Hopefully the performance numbers I've quoted will convince you. I'd hope you guys can knock up a sample and repro this pretty trivially, and it seems like the left-join-subselect SQL above is glaringly obviously wrong. But if the only way it's going to get prioritised is for me to generate a sample app, I'll try and find the time (but I really hope you can just fix it without me needing to do that :)).
@Webreaper note that the first query has an inner join on Tags, whereas the latter has a left join. I'm not saying that makes a huge difference, but it's better to be sure about these things (BTW this is Sqlite right? Any similar experience with another database, just in case this is a Sqlite thing?). A database schema with data for this would be ideal to reproduce.

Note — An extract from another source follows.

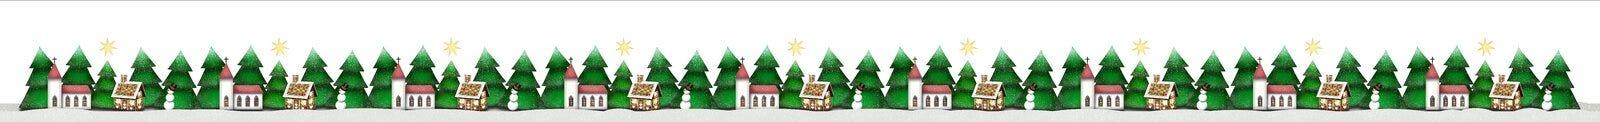 Christmas border isolated on white stock illustration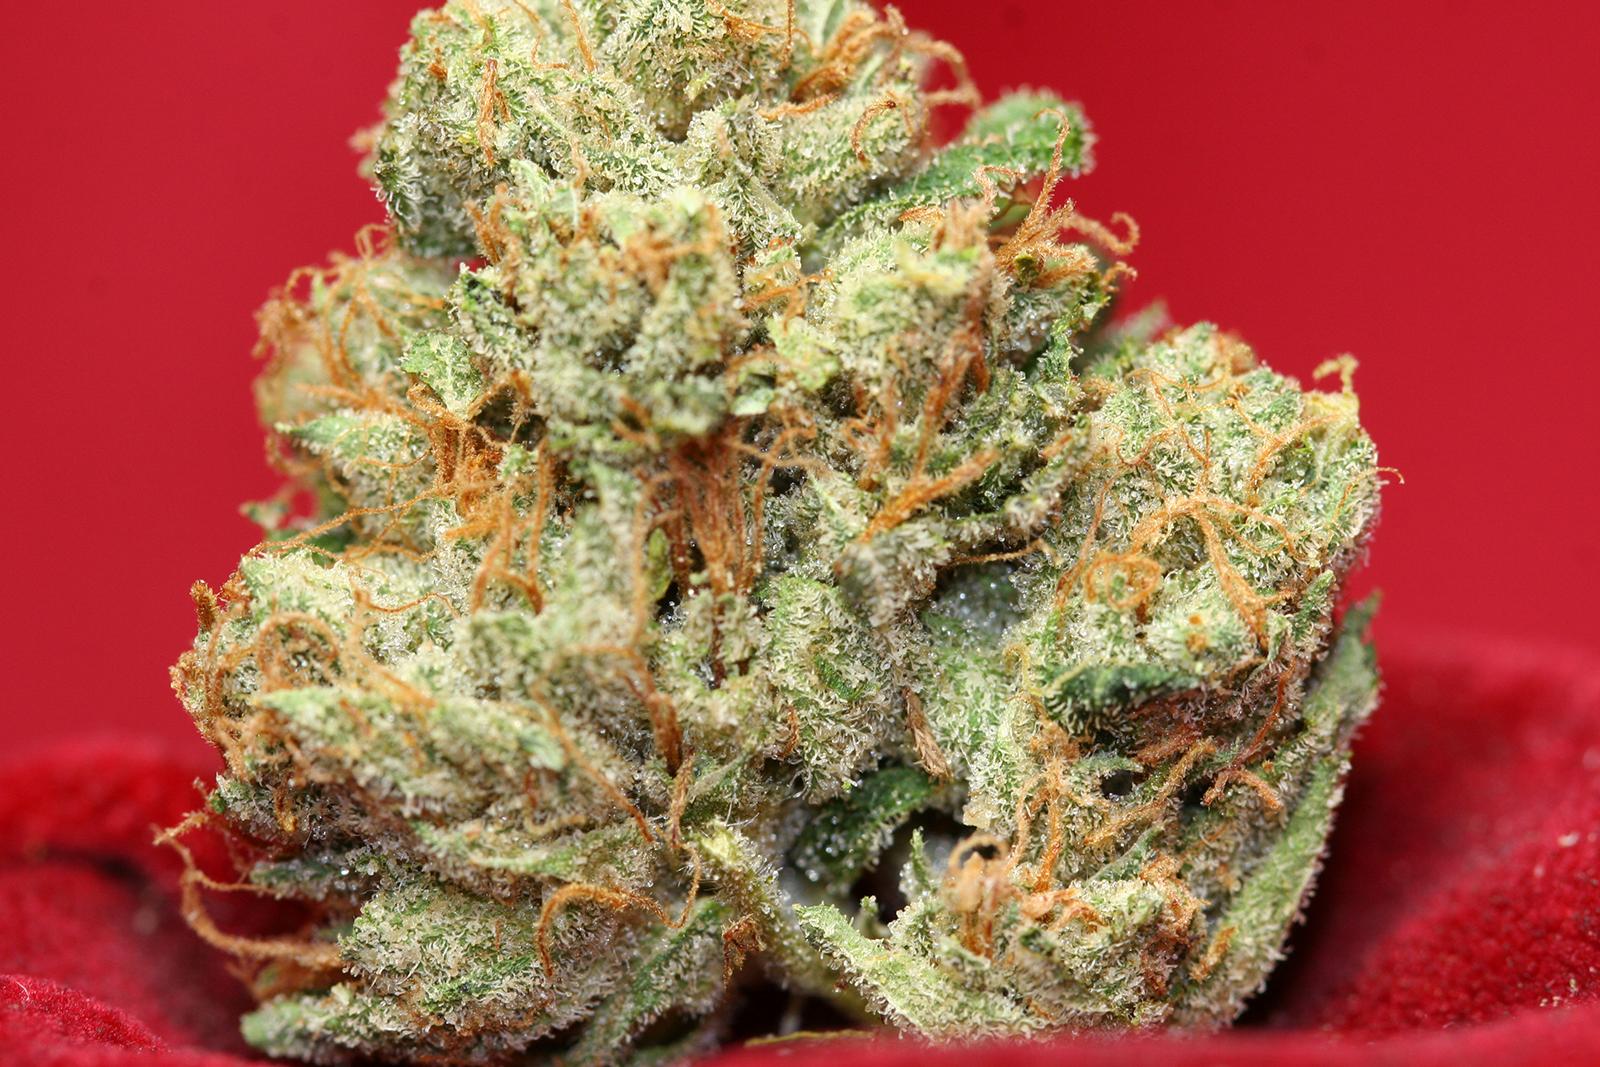 jupiter-weed

But I generally agree, and yeah, at some point for EF 7 I'll definitely find the time to investigate this properly across database...
I haven't tried with another DB; I started adding support for Postgres to play with that, but haven't got it working properly yet. I guess I don't really care if another DB is smart enough to optimise this out, as I'm using Sqlite. ;)
If it helps to understand what's going on, here's my DbContext: https://github.com/Webreaper/Damselfly/blob/master/Damselfly.Core/Models/ImageContext.cs
I will try and see if I can pull out the salient points from the data model, knock up some test data, and stick a test app into github at some point, but it might not be for a couple of weeks. I know that would make it much easier for you guys to delve into it....
Thanks for your efforts @Webreaper, much appreciated!
Okay, finally put this repro together. https://github.com/Webreaper/EFCore6TableJoinBug
I've tried to document it as clearly as possible in the README, but if you have any questions at all about what my code is doing or why, please comment here (or raise an issue on the repo, or email me at [email protected]).